You can call one after the other. I usually call the Trim() function as well. The replaceDiacriticMarks() function replaces character with their "similar' standard ascii values, so è gets turned into e.

15,674 Comments

@Jeff,

Looking pretty cool. I like that you get the "like looking" letters for foreign characters. I can really see where that would be good to have on hand.

3 Comments

@Ben,

I still think it's bad to be doing *that* many replaces, but for my needs it works (seems to perform well/quickly).

The replaceAscii() just gets rid of the chars completely, which is probably worse than what your doing...

I usually just call this function (which uses the 2 other functions I pasted in):

<cffunction name="safeForXml" returntype="string" output="false">
<cfargument name="argString" type="string" default="" />
<cfset var retString = arguments.argString />
<cfset retString = replaceDiacriticMarks(retString) />
<cfset retString = replaceNonAscii(retString) />
<cfset retString = Trim(retString) />
<cfreturn retString />
</cffunction>

15,674 Comments

@Jeff,

That sounds fair to me. That pretty cool that you already knew how to use the HEX values in the regex. I think that's way awesome. I love regular expressions.

I think the only real difference that mine has is that it has a default case that replace any high ascii values that were not accounted for. Other than that, I think we are headed in the same direction.

111 Comments

Rather than doing all of those cfsets and replaces, could you perhaps return an array of matched high ascii characters (just the numeric values), then loop over that list and replace those values with matching values from another array of replacements?

e.g.
<cfloop array="#matchingHighAscii#" index="value">
<cfset myString = Replace(myString, "&#" & value & ";", lowAscii[value], "ALL")>
</cfloop>

5 Comments

Wow, very timely entry, Ben! Yesterday I discovered a need to convert extended ASCII characters into their HTML encoded entities... and then I saw this post in my feed reader. Thanks. This is perfect.

2 Comments

Thanks guys for all your comments. I have been working at a solution of my own, inspired by some of the solutions here. I specifically wanted to convert all high characters with a value greater then 127 into XML safe hexadecimal characters. I came up with a small solution that doesn't rely on any external objects yet was based on a regular expression.

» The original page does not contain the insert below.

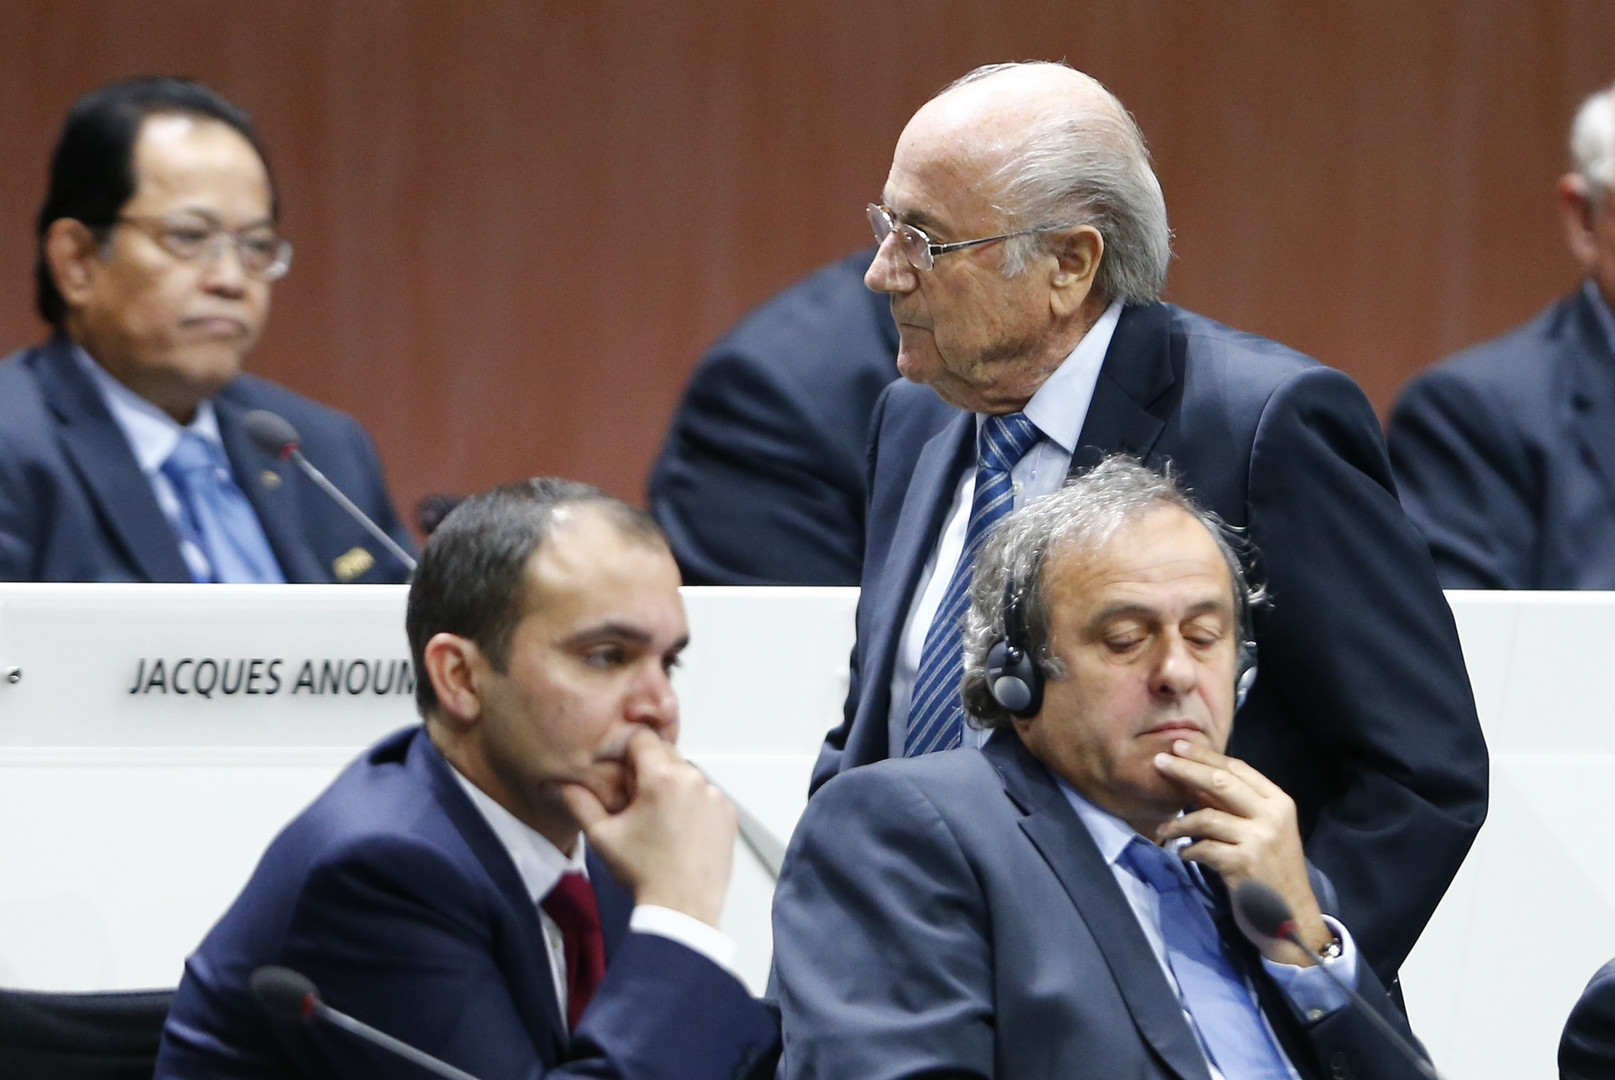 بلاتر رئيسا  للفيفا لولاية خامسة بعد انسحاب الأمير الأردني علي من الجولة الثانية
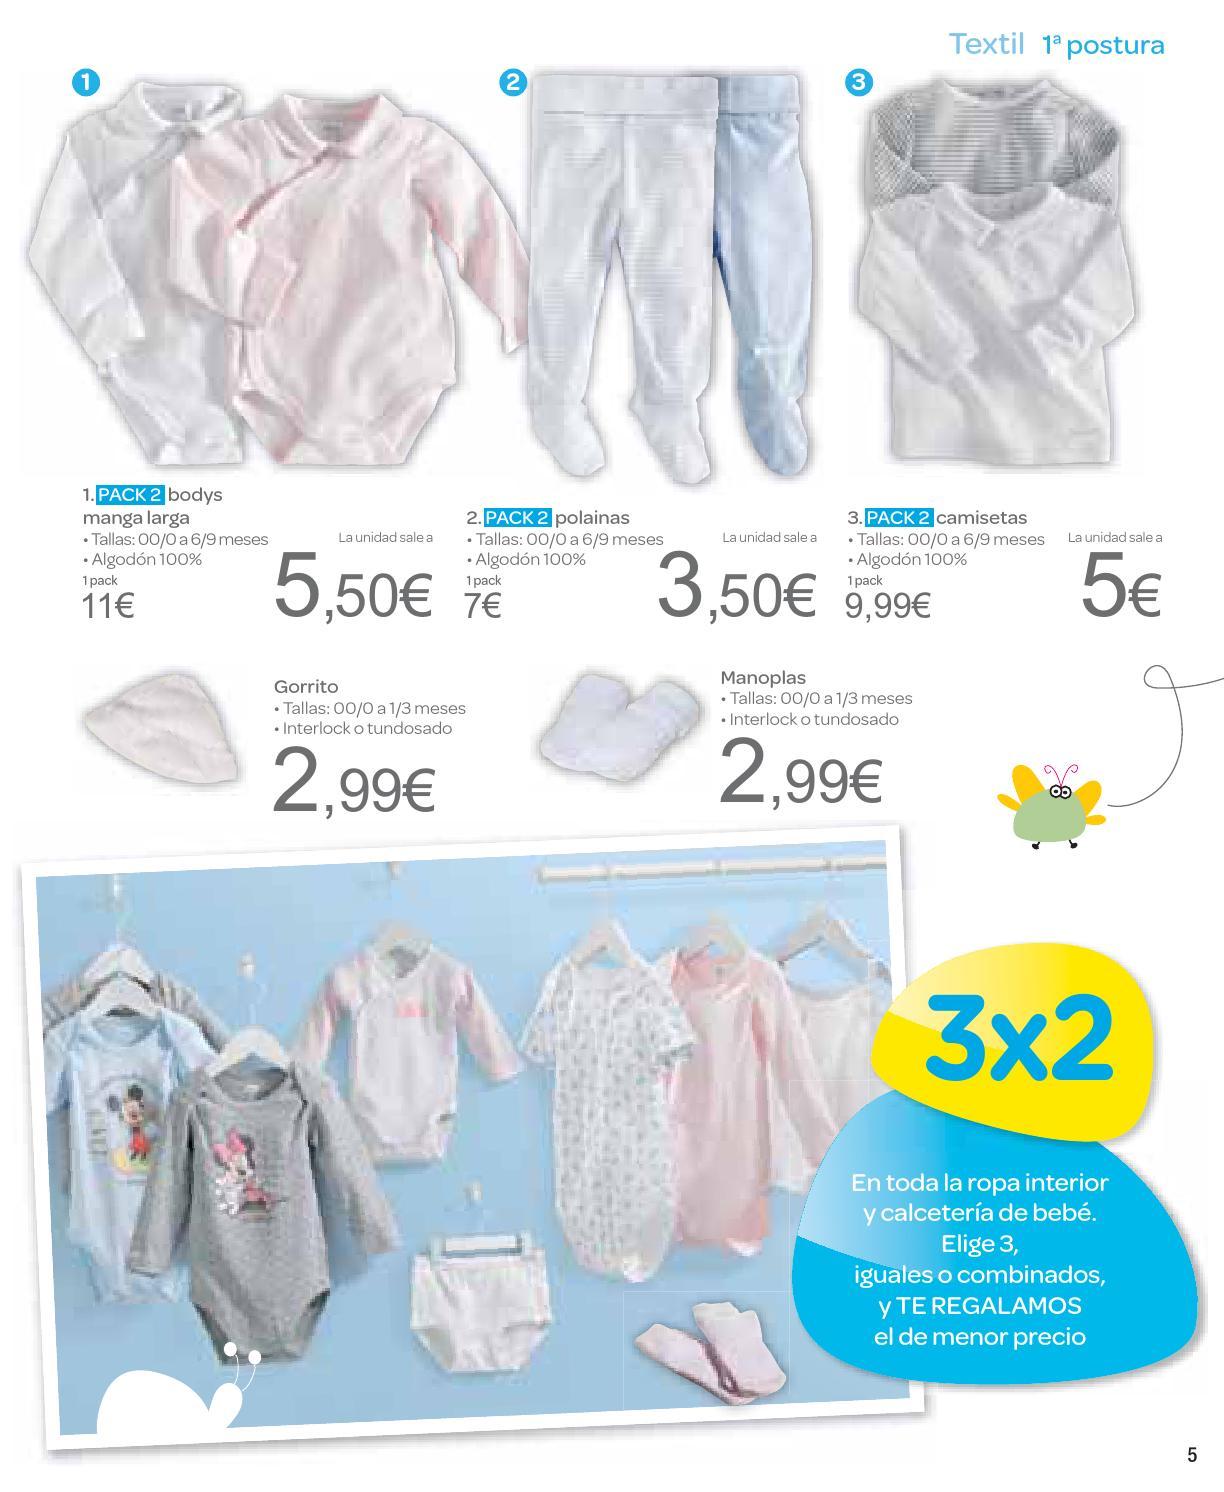 Precio de fábrica 2019 moderno y elegante en moda mayor selección de 2019 Catalogo carrefour bebe septiembre 2013 by Carrefour Online ...

It can be found at my blog ..
http://ipggi.wordpress.com/2008/03/11/remove-or-clean-high-extended-ascii-characters-in-coldfusion-for-xml-safeness/

3 Comments

Handling unicode bytes is unfortunately a little more complicated than stripping "bad" characters.

The issue is that multi-byte characters may start with a byte outside of the 0x00-0x7F range, but may then be composed of 1-3 additional bytes which are within this range. So when you strip the "bad" bytes, you're snagging only the first byte out of a multi-byte character. It can lead to garbage characters in your output.

You're also left completely without the ability to handle many foreign languages, your code can only handle latin characters, and that's just too restrictive for many folks.

UTF-8 is the most common international multi-byte character encoding since it's incredibly comprehensive (UTF-16 is yet more so, but I believe it mostly only includes traditional Chinese characters [1 distinct character for each possible word] over UTF-8, and even most Chinese sites go with modern Chinese).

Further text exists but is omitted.